Exercise brief:
Print the entire listing below word for word, excluding its pictures.

BEGIN Material provided

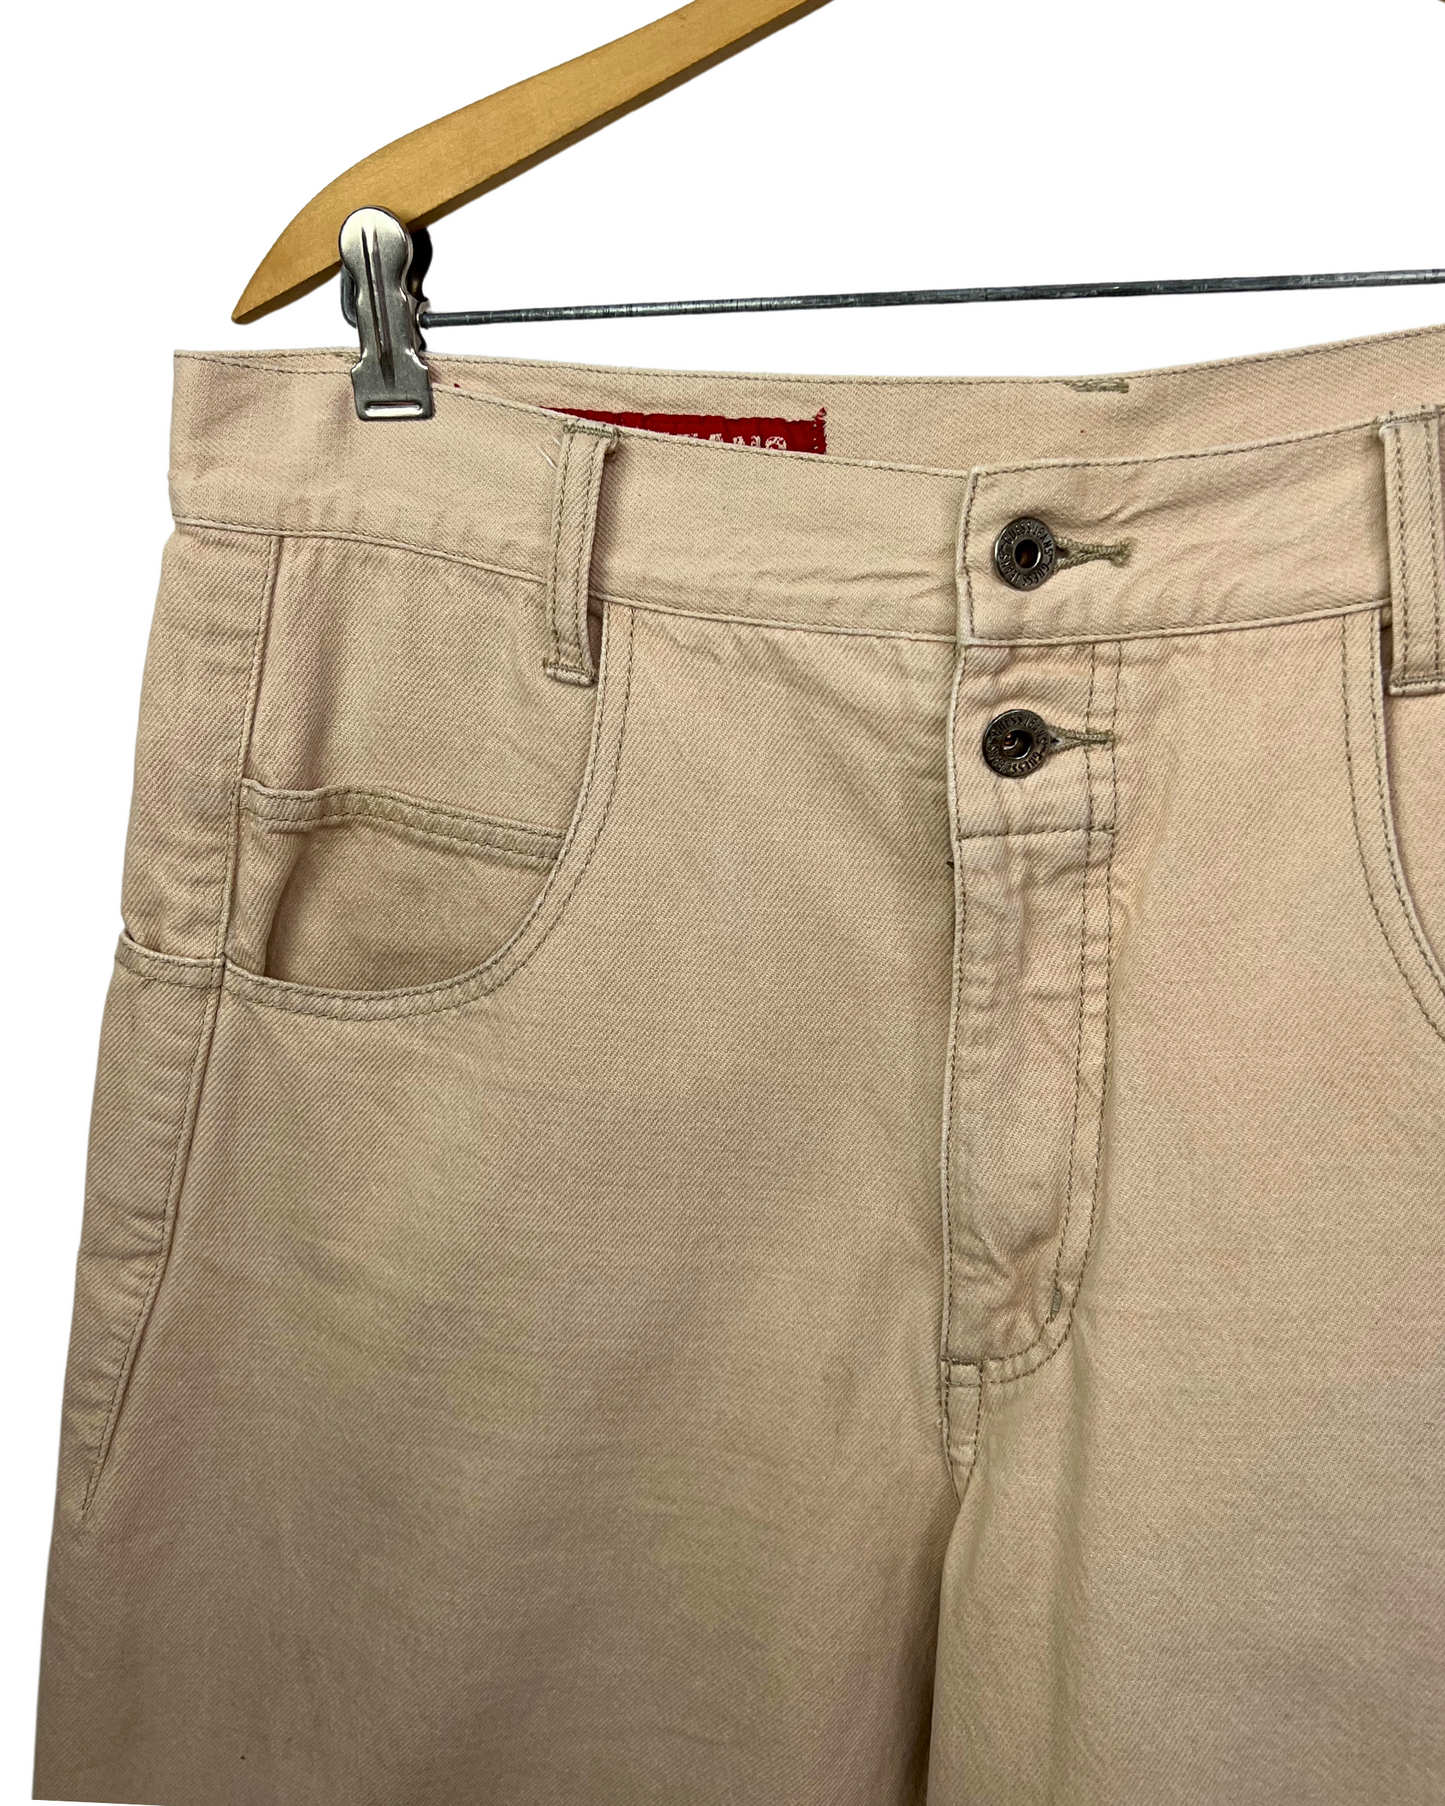 90’s Guess Jeans 5 Pocket Khaki 10” Jean Shorts Size 32/34
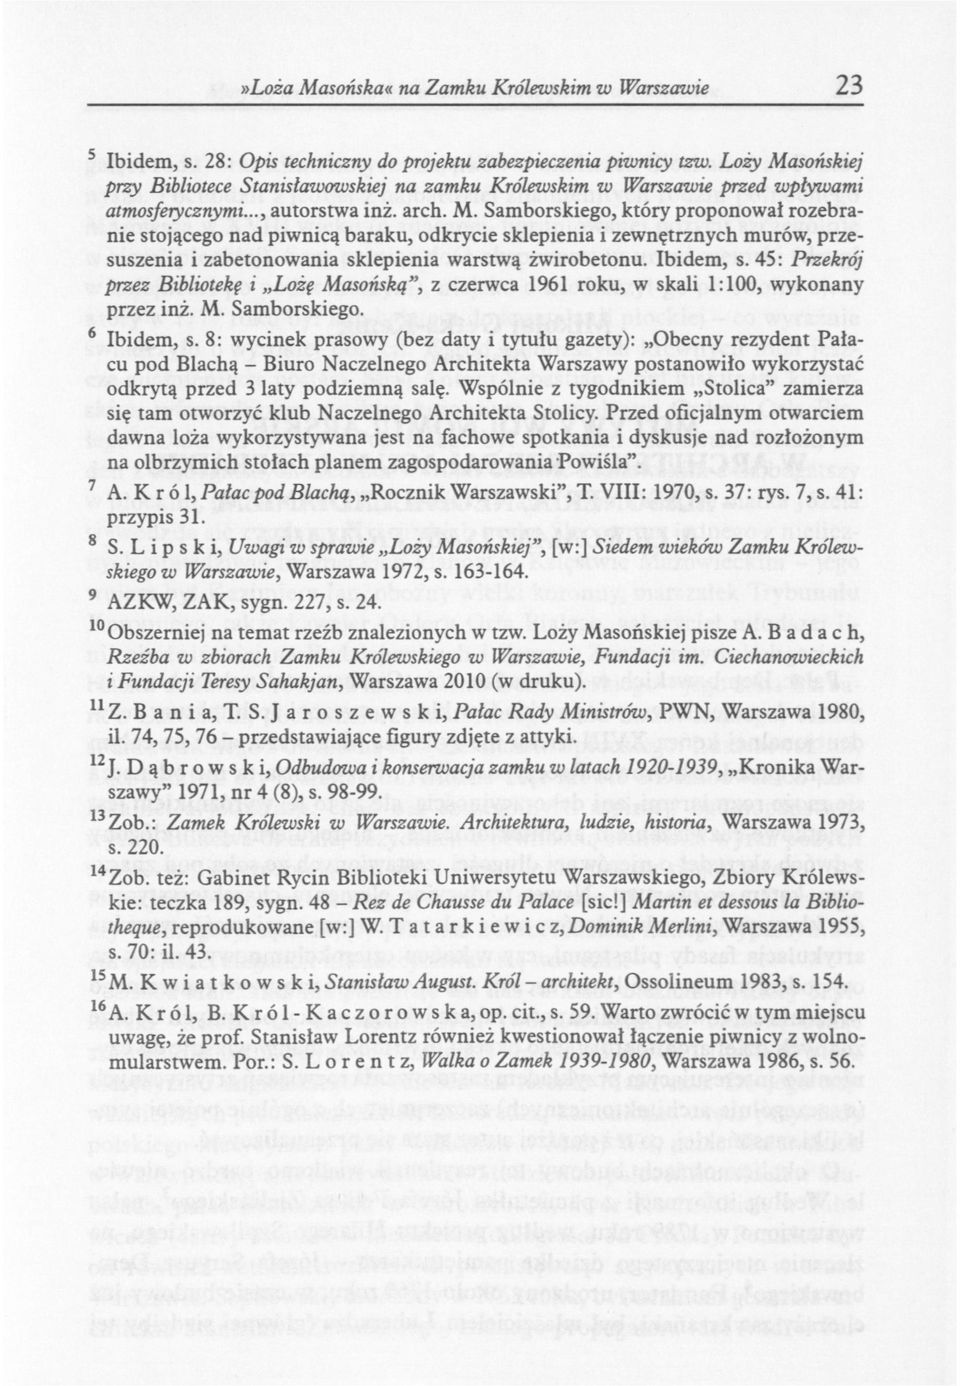 Ibidem, s. 45: Przekrój przez Bibliotekę i Lożę Masońską", z czerwca 1961 roku, w skali 1:100, wykonany przez inż. M. Samborskiego. 6 Ibidem, s.
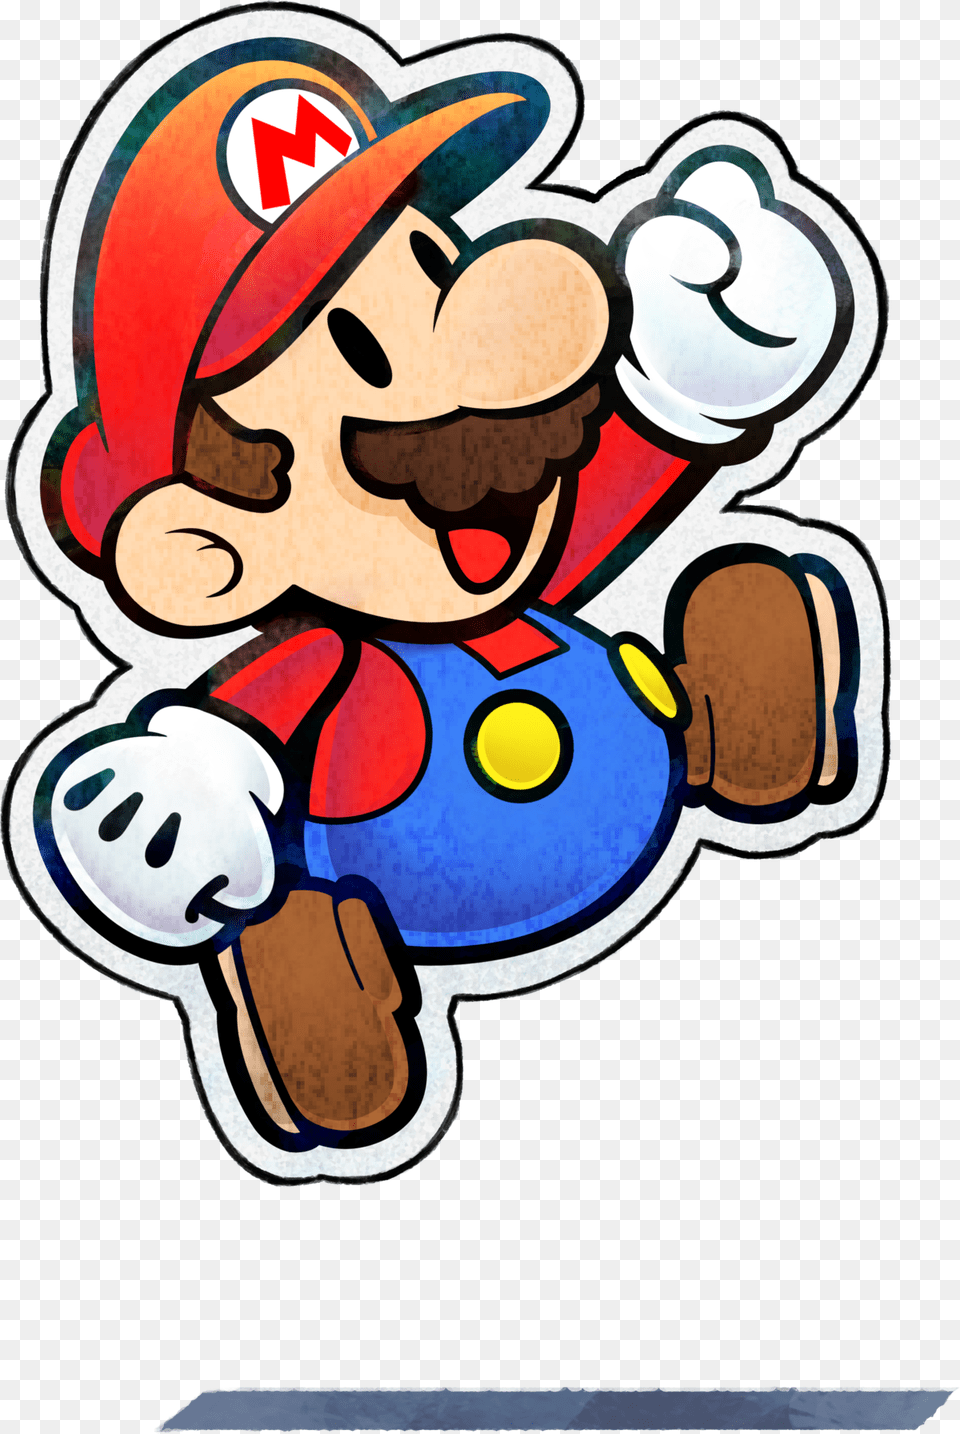 Paper Mario Mario Amp Luigi Paper Jam Paper Mario, Game, Super Mario, Dynamite, Weapon Free Png
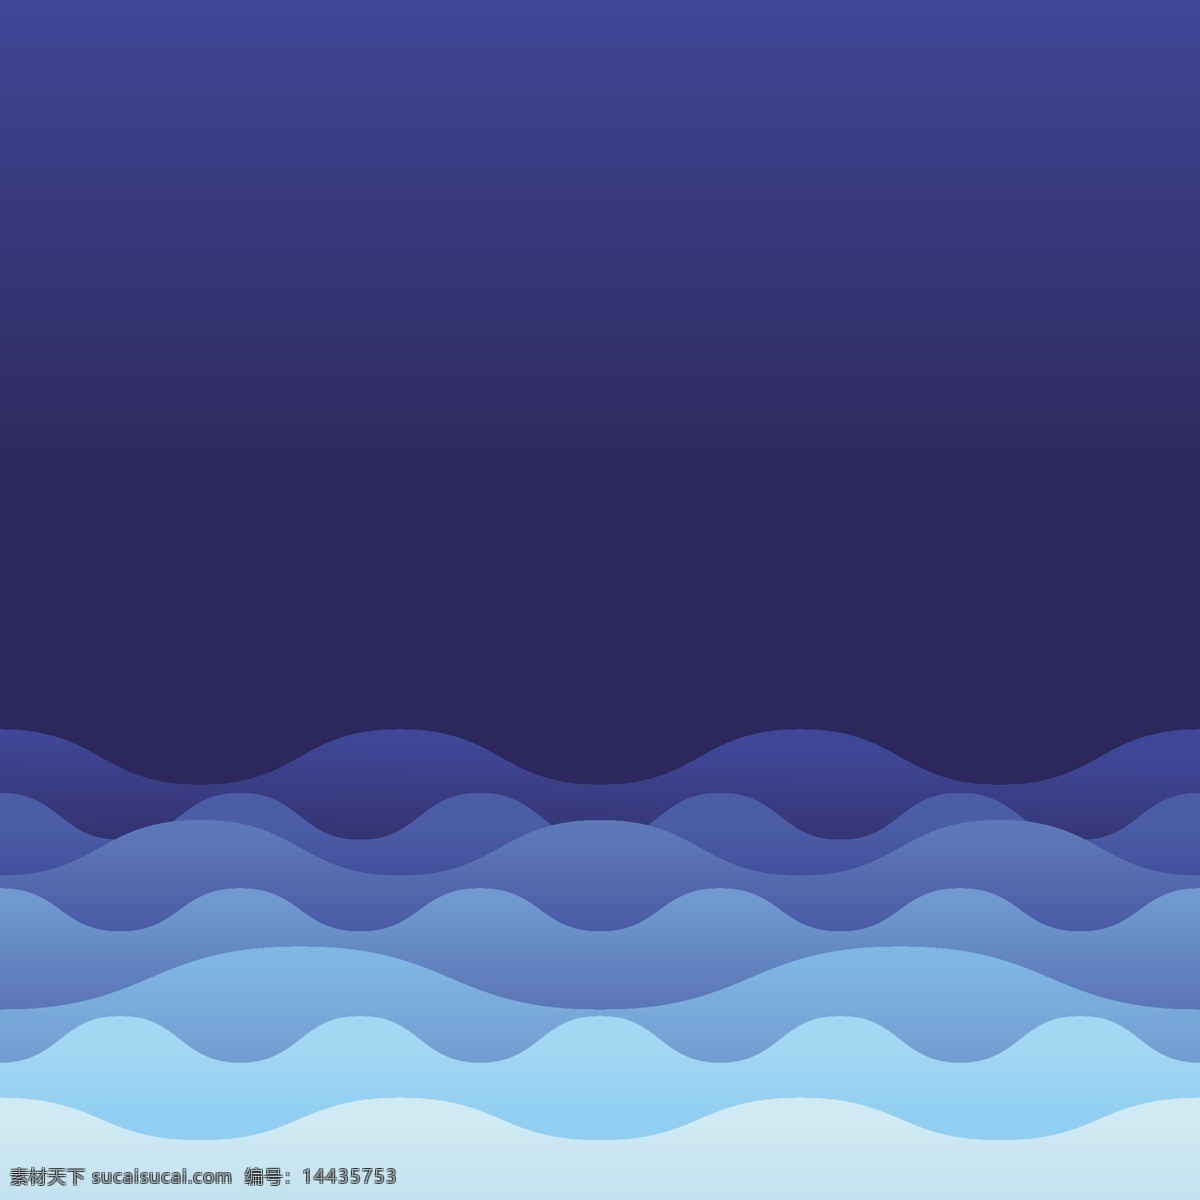 摘要背景设计 背景 抽象背景 抽象 蓝色背景 波浪 蓝色 形状 墙纸 颜色 多彩的背景 波浪背景 色彩 抽象的波浪 丰富的背景 抽象的形状 波浪形

END Material provided

Exercise response:
 90’s Guess Jeans 5 Pocket Khaki 10” Jean Shorts Size 32/34
 Ibidem, s. 45: Przekrój przez Bibliotekę i Lożę Masońską", z czerwca 1961 roku, w skali 1:100, wykonany przez inż. M. Samborskiego. 6 Ibidem, s.
 Paper Mario Mario Amp Luigi Paper Jam Paper Mario, Game, Super Mario, Dynamite, Weapon Free Png
 摘要背景设计 背景 抽象背景 抽象 蓝色背景 波浪 蓝色 形状 墙纸 颜色 多彩的背景 波浪背景 色彩 抽象的波浪 丰富的背景 抽象的形状 波浪形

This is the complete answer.